# Maharashtra government will stop subsidies to madrassas which do not teach Maths, Science: Eknath Kh



## Desmond (Jun 12, 2015)

One decision that I think everyone can get behind.



> Maharashtra minorities minister Eknath Khadse has announced that subjects like English, Mathematics, Science and  Social Sciences will have to be compulsorily taught in madrassas across the state, apart from religion.
> 
> According to a report in a Marathi news daily, the minister has further stated that madrasses which do not follow this directive will not be eligible for subsidies.
> 
> ...



Source: Maharashtra government will stop subsidies to madrassas which do not teach Maths, Science: Eknath Khadse | Latest News & Updates at Daily News & Analysis


----------



## SaiyanGoku (Jun 12, 2015)

*Re: Maharashtra government will stop subsidies to madrassas which do not teach Maths, Science: Eknat*

Why stop at subsidies, cancel their affiliation.


----------



## $hadow (Jun 13, 2015)

*Re: Maharashtra government will stop subsidies to madrassas which do not teach Maths, Science: Eknat*

Seems fair. They also need to learn what is outside their books for a better future.


----------



## sling-shot (Jun 13, 2015)

*Re: Maharashtra government will stop subsidies to madrassas which do not teach Maths, Science: Eknat*

This should never have been allowed in the first place. Why is the government subsidizing the religious education of any religion? Religion is a personal matter and they should do it themselves.


----------



## Desmond (Jun 13, 2015)

*Re: Maharashtra government will stop subsidies to madrassas which do not teach Maths, Science: Eknat*

I was thinking this as well. A secular society should not subsidize religious education.

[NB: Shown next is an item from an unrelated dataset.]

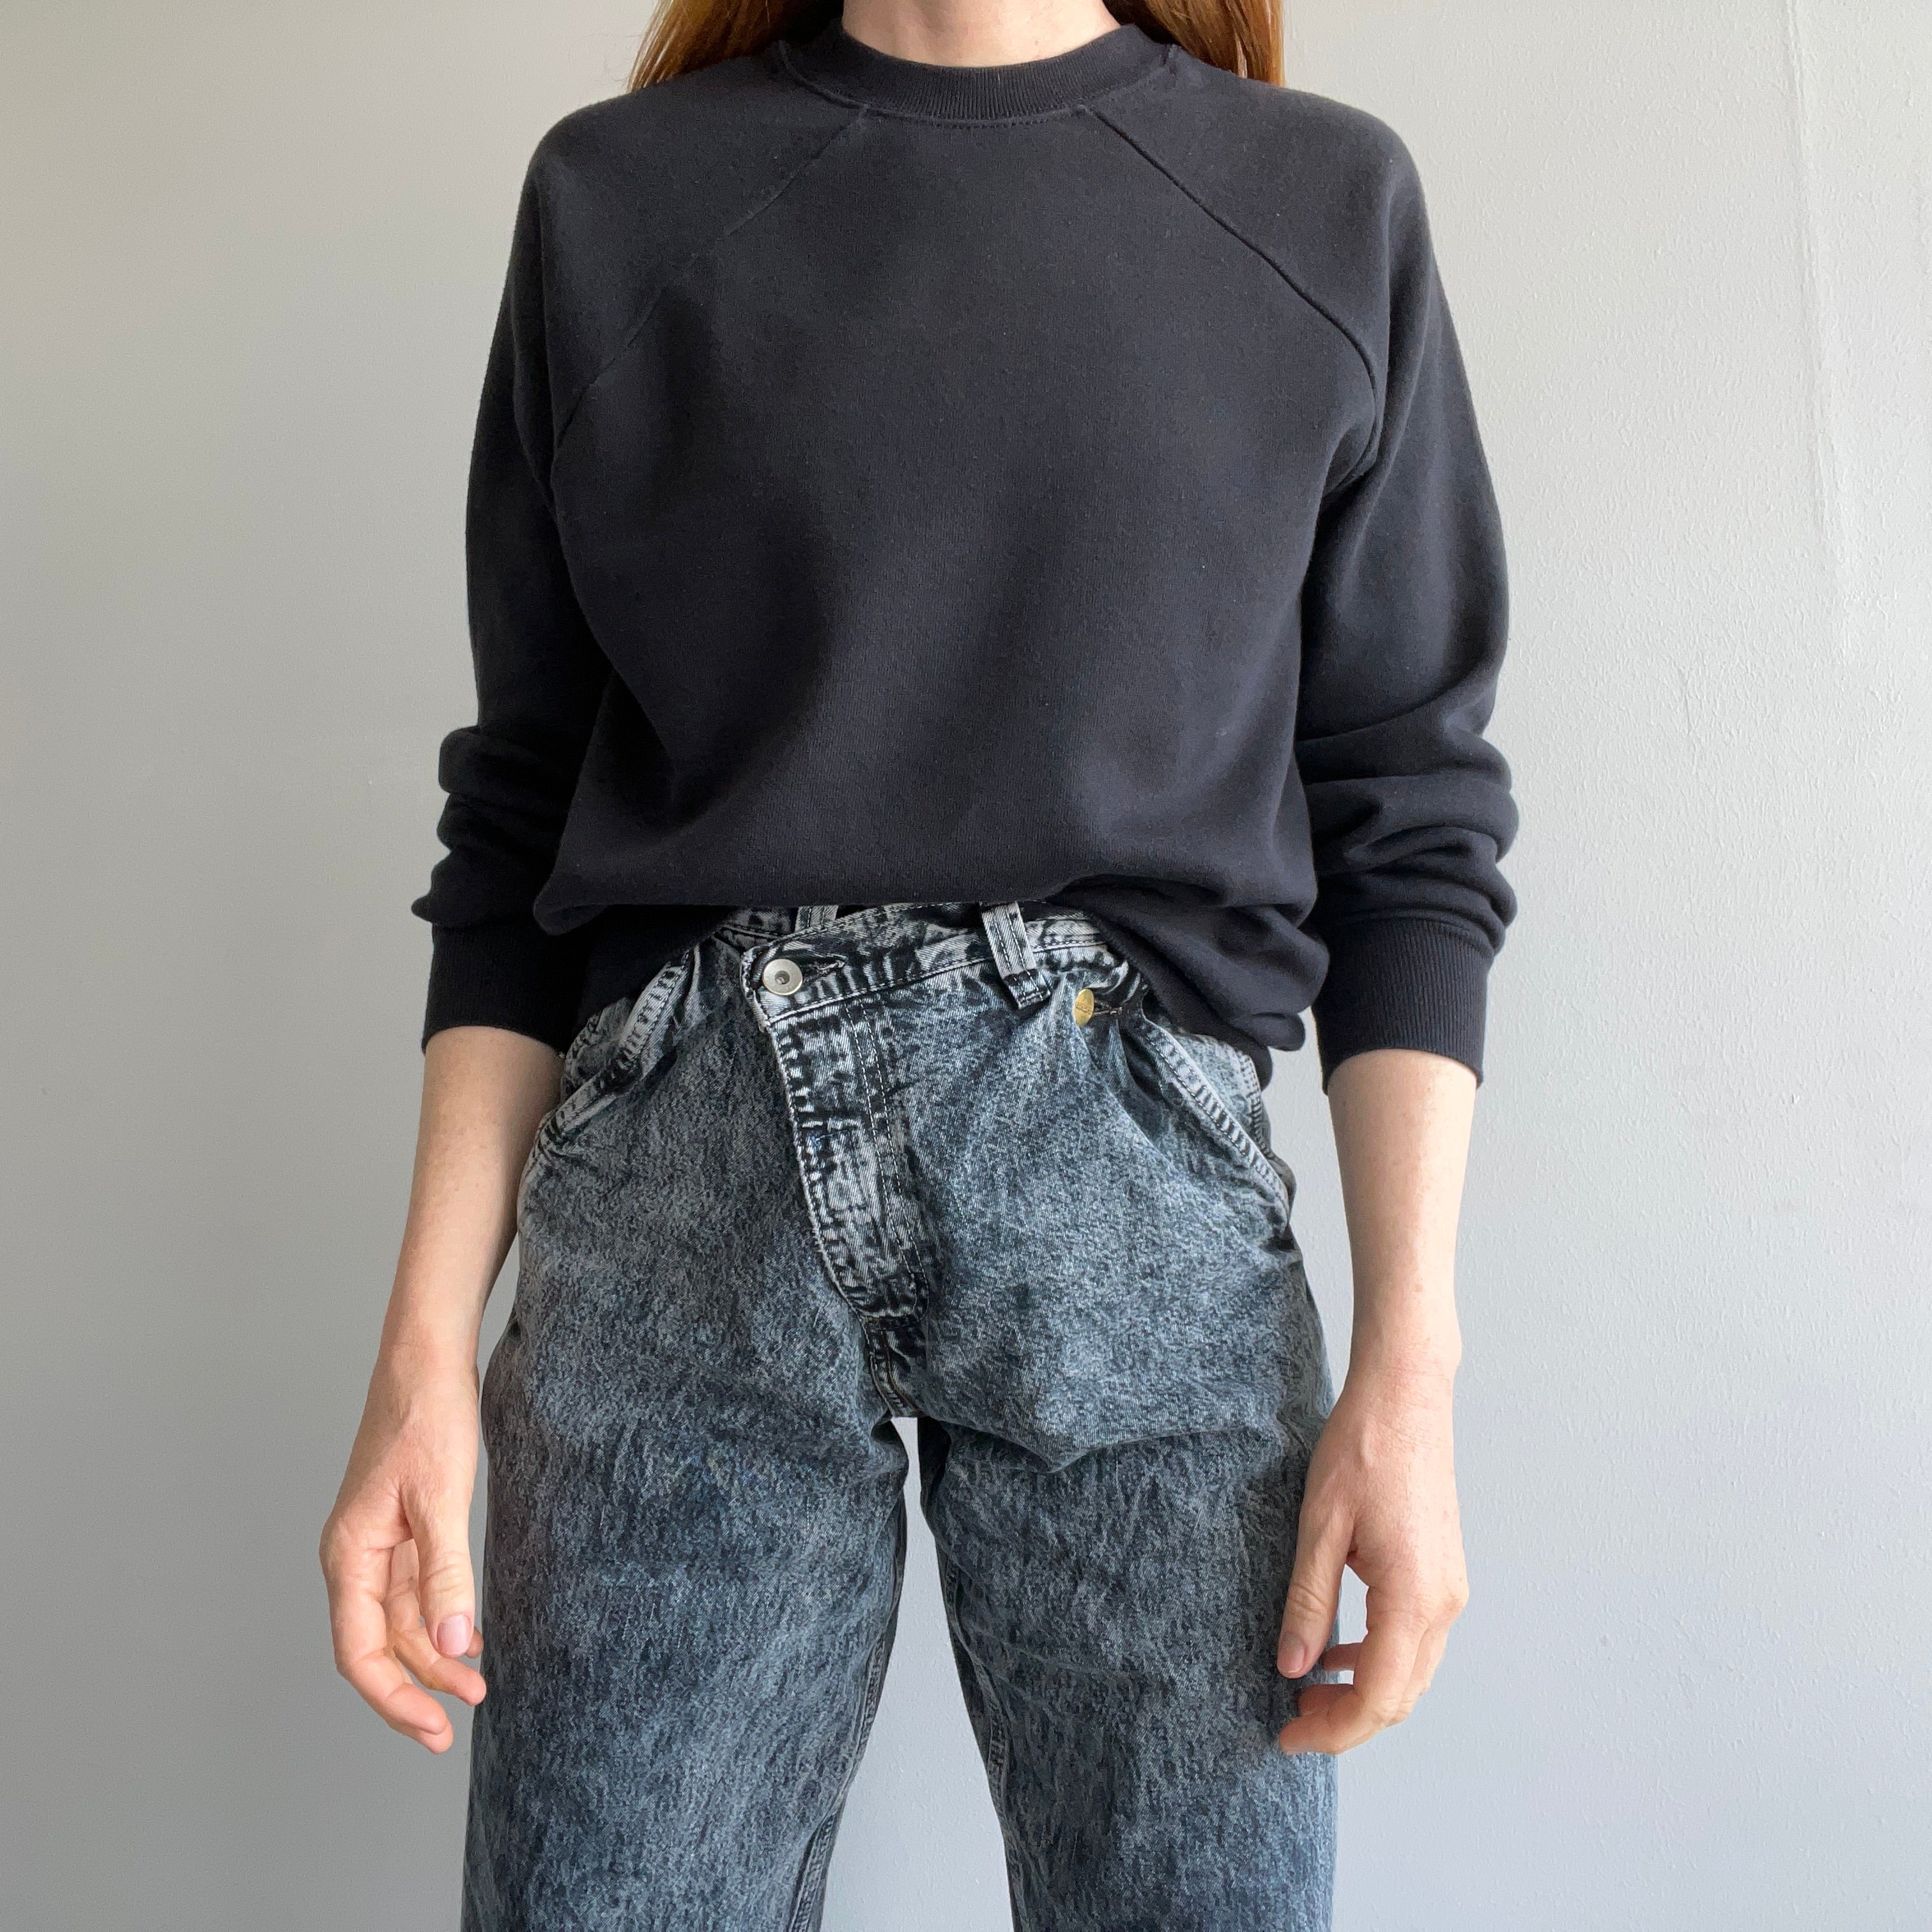 1980s Blank Black Raglan Sweatshirt

But I think votebank politics are involved somehow.


----------



## REDHOTIRON2004 (Jun 13, 2015)

*Re: Maharashtra government will stop subsidies to madrassas which do not teach Maths, Science: Eknat*

Those minorities groups are so much against yoga saying that it's a Hindu thing and should not be allowed in a secular society. 
While Subsidizing these madarsas is seen as empowering the minorities. Here they forget all about secularism.

It's a classic example of hipocracy and the damage done by our selected netas. Hindus or other religion people can't utter a word in support of there own interests as that would seem as anti national. When the same hindus talk against Hindus then it is seen as secularism.

This is far from an ideal scenario. And the main reason for that are the parties like congress, SAPA etc that show themselves as the biggest protector of secularism by speaking and doing things against other religions specially Hinduism.


----------



## GhorMaanas (Jun 13, 2015)

*Re: Maharashtra government will stop subsidies to madrassas which do not teach Maths, Science: Eknat*



REDHOTIRON2004 said:


> Those minorities groups are so much against yoga saying that it's a Hindu thing and should not be allowed in a secular society.
> While Subsidizing these madarsas is seen as empowering the minorities. Here they forget all about secularism.....



and when trying to gain entry to the kafir Garba grounds; and crying 'discrimination' when prohibited.


----------



## Master_Tj (Jun 14, 2015)

*Re: Maharashtra government will stop subsidies to madrassas which do not teach Maths, Science: Eknat*

Though I agree they should teach outside subjects but religious is quite an important thing.. because schools in abroad teach students religion.  SOURCE: Me


----------